» **INFORMATION SHOWN**
^^^^^^^^^^^^^^^^

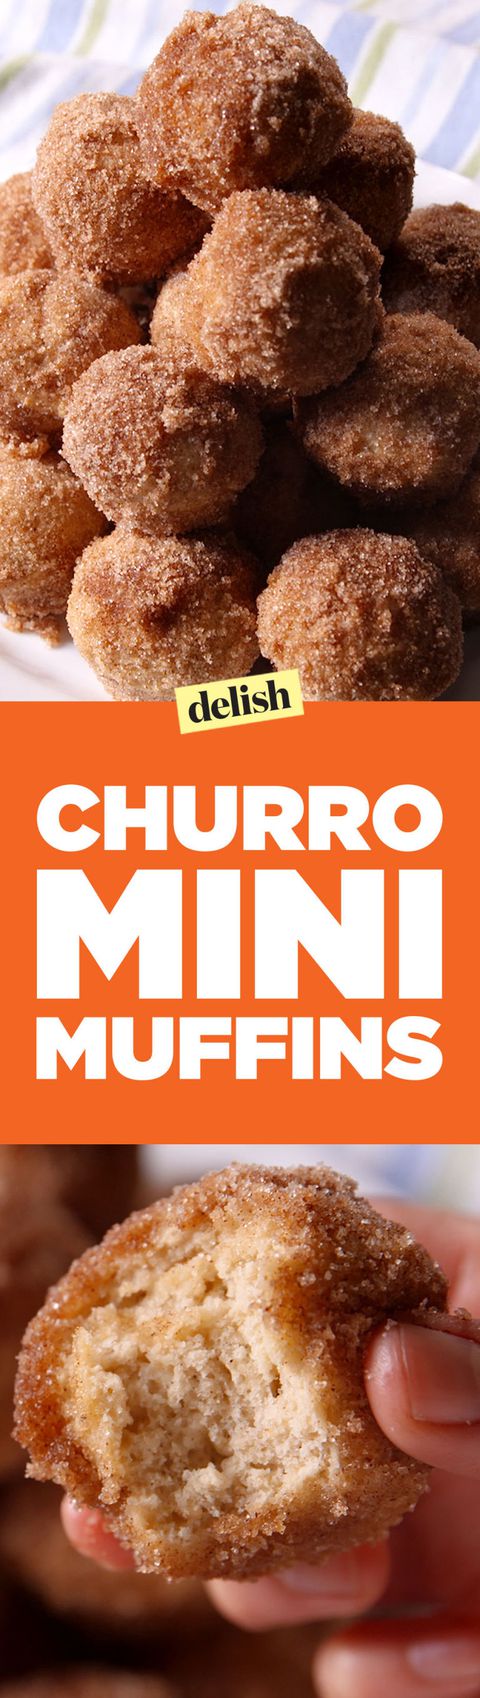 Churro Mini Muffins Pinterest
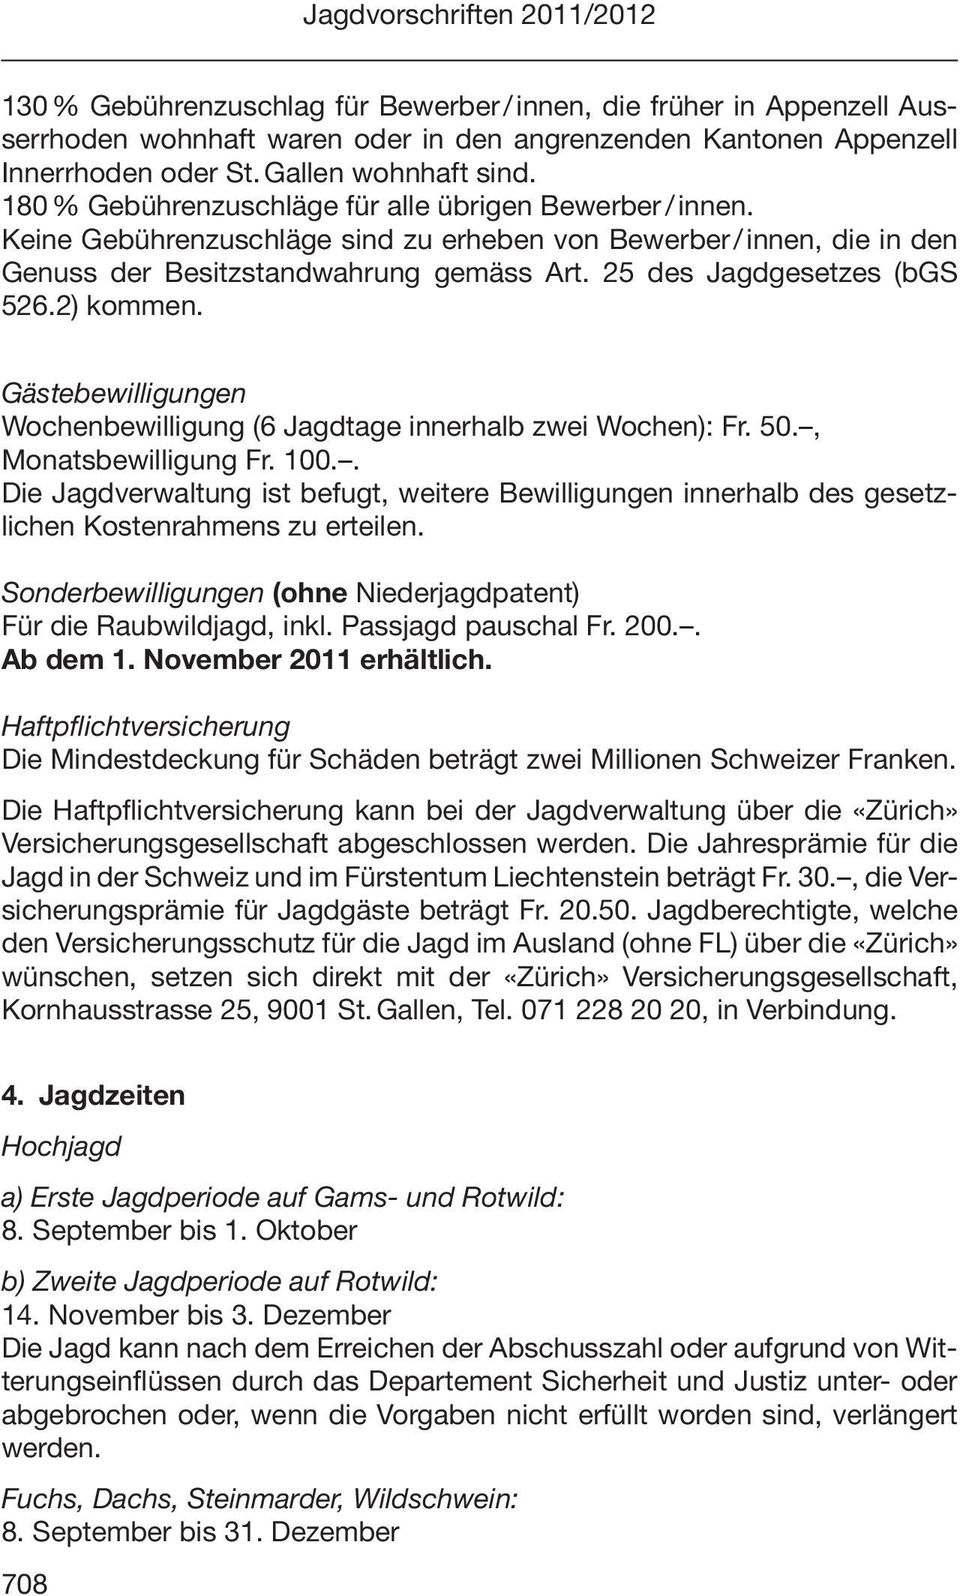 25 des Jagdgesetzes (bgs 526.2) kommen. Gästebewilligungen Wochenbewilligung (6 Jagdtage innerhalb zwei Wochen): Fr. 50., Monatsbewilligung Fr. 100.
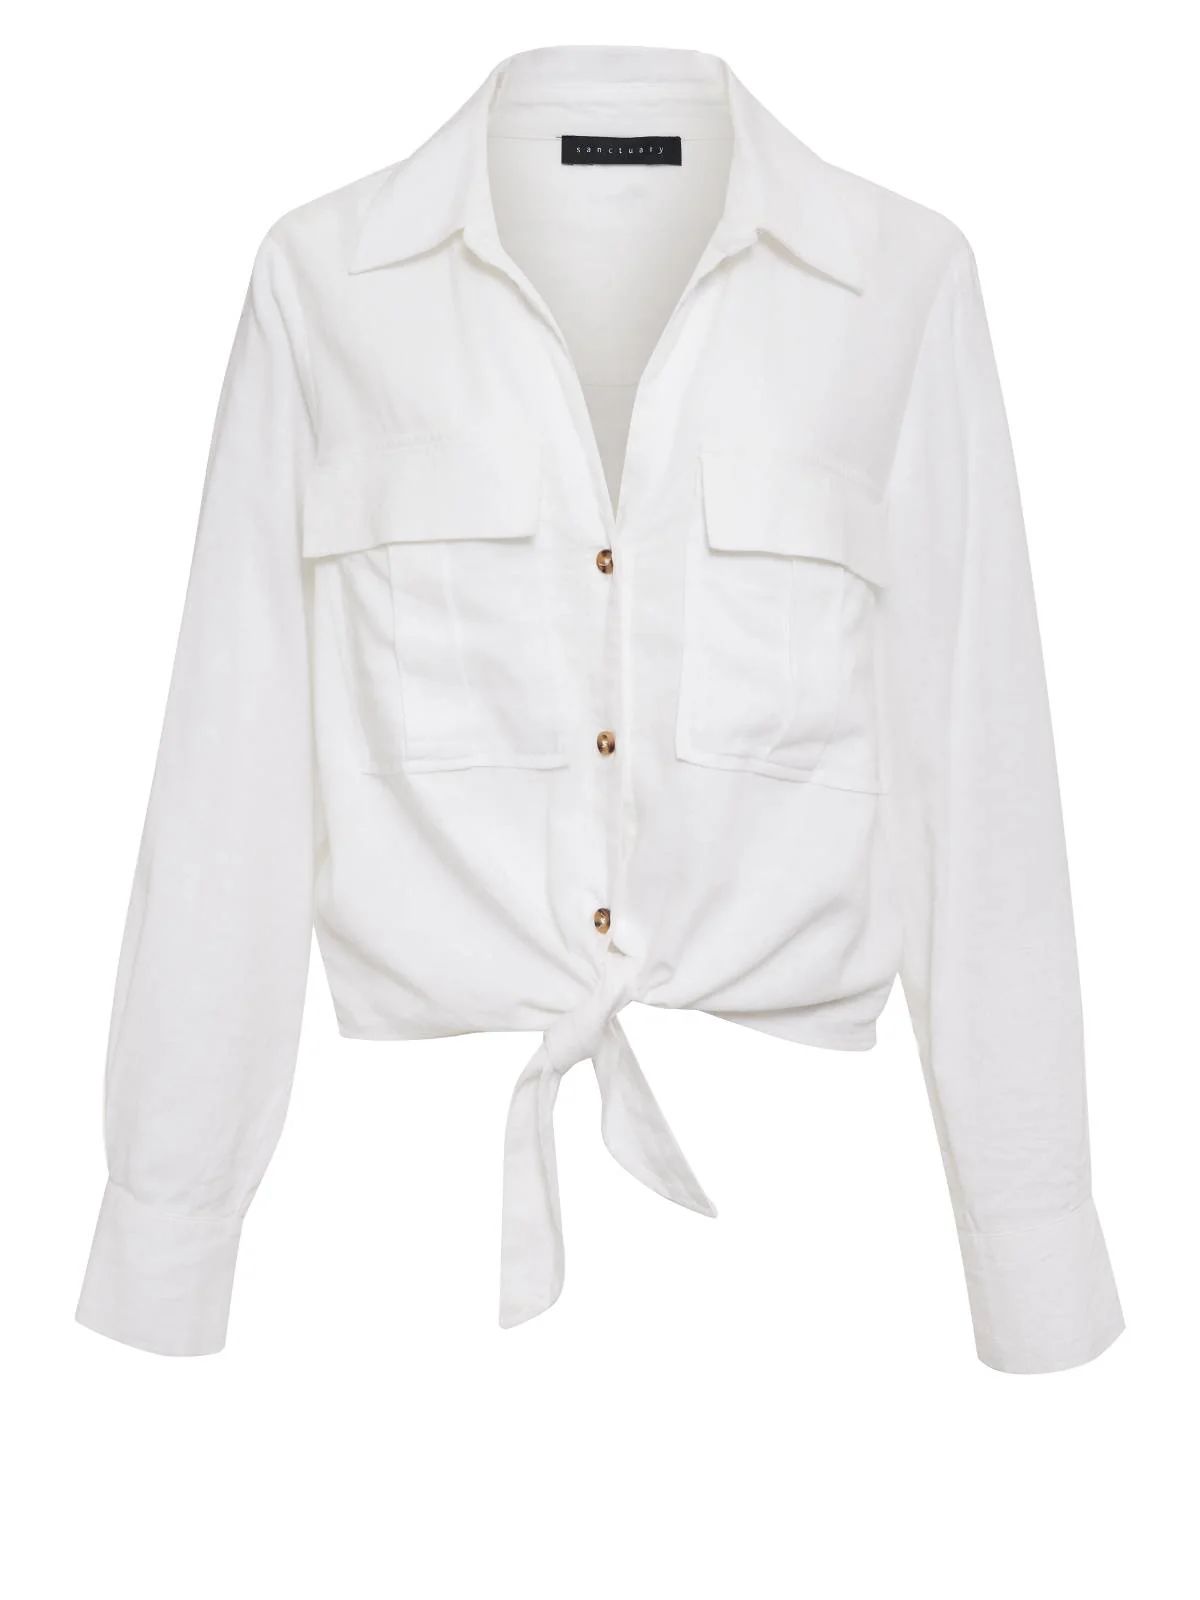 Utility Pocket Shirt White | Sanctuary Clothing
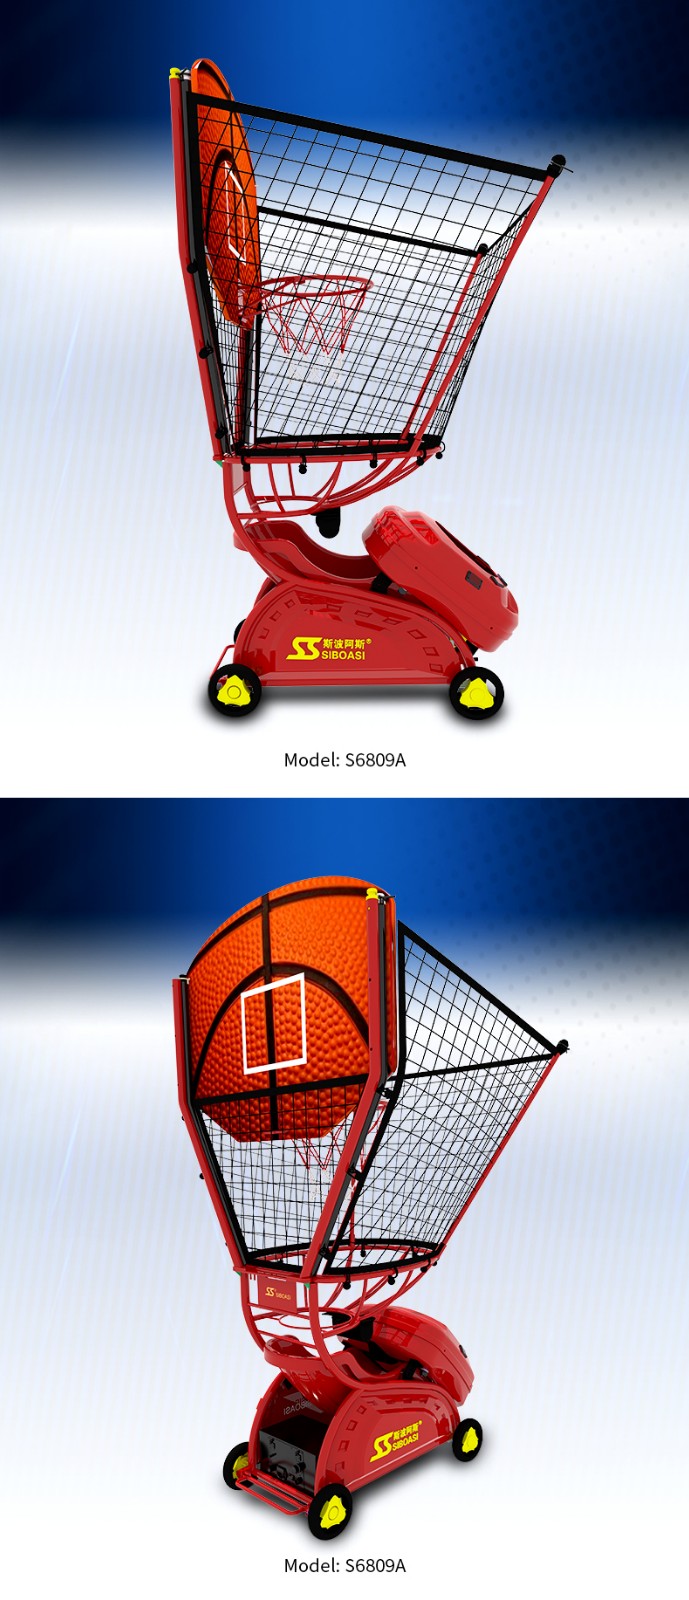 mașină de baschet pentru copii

^^^^^^^^^^^^^^^^

Working from the line with "Utility Pocket Shirt" to the last line of the material above, repeat each line exactly and leave out the pictures.

 Utility Pocket Shirt White | Sanctuary Clothing
 mașină de baschet pentru copii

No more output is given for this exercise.